Huge pages can be of benefit to applications that use large amounts of address space due to the reduction of TLB misses and increased availability of cache usable by applications. On Linux, there are two basic ways of programatically creating a region of memory backed by hugepages. The first is to use shmget() with the SHM_HUGETLB flag set. While convenient, this can result in regions persisting in memory due to application error. The second is to mmap() a file created on the hugetlbfs filesystem but creating the file requires a significant amount of boiler-plate code.

To alleviate the pain, an explicit API was added to libhugetlbfs 2.0 for the easy allocation and freeing of regions backed by huge pages with get_huge_pages() and free_huge_pages() respectively. The intention was that the API be used in the development of custom allocators while users of glibc would continue to use malloc() with HUGETLB_MORECORE set.
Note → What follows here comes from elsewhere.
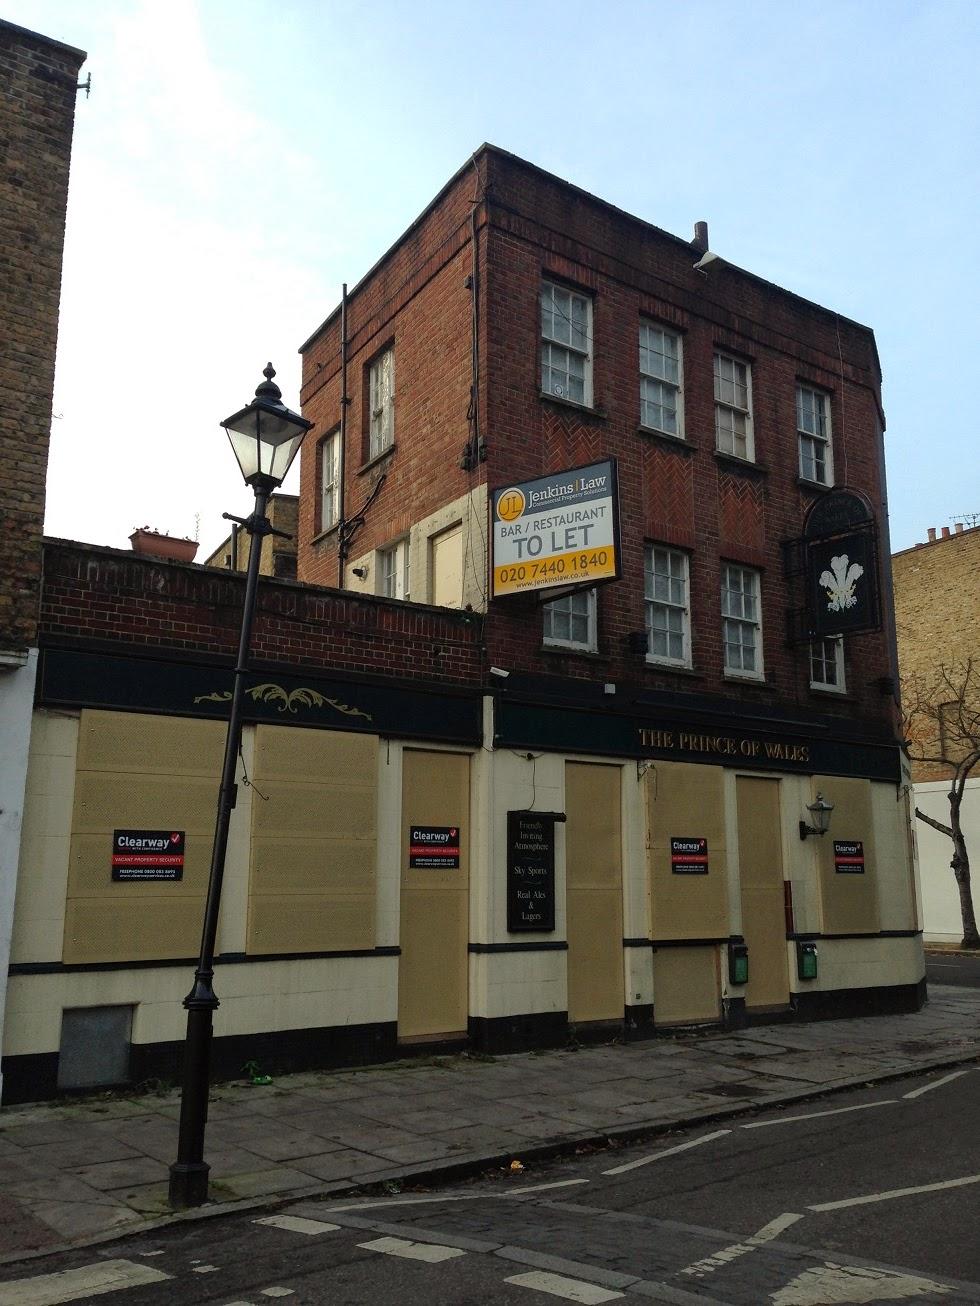 Abandoned pub, Islington, London

In 2.0, the documentation was non-existent and as there was no suitable drop-in replacement for malloc(), the API was not widely advertised. libhugetlbfs 2.1 has improved this API significantly with the addition of a manual page and an API called get_hugepage_region() which is more suitable for use as a drop-in replacement for malloc().

This document begins by converting a memory bandwidth benchmark called STREAM to use malloc() backed by huge pages. It is then altered to use get_huge_pages() and get_hugepage_region() are used as an example of how the API can be used. This is based on libhugetlbfs 2.3. First of all, install libhugetlbfs in your home directory.

    $ wget \
        http://heanet.dl.sourceforge.net/sourceforge/libhugetlbfs/libhugetlbfs-2.3.tar.gz
    $ tar -zxf libhugetlbfs-2.3.tar.gz
    $ cd libhugetlbfs-2.3/
    $ make PREFIX=$HOME/opt/libhugetlbfs
    $ make PREFIX=$HOME/opt/libhugetlbfs install
Download stream and build it.
    $ mkdir stream
    $ cd stream
    $ wget \
        http://www.cs.virginia.edu/stream/FTP/Code/stream.c \
	-O stream-orig.c
    $ gcc -O2 stream-orig.c -o stream-orig
Patch using this patch to use malloc() instead of statically allocating the arrays.
    $ cp stream-orig.c stream-one-malloc.c
    $ cat stream-one-malloc.patch | patch
    $ gcc -O2 stream-one-malloc.c -o stream-one-malloc
There is a very important point to note about the patch - it only calls malloc() once and uses the same buffer for the three arrays. This arranges the arrays in memory so that they look similar to a static declaration making comparisons easier.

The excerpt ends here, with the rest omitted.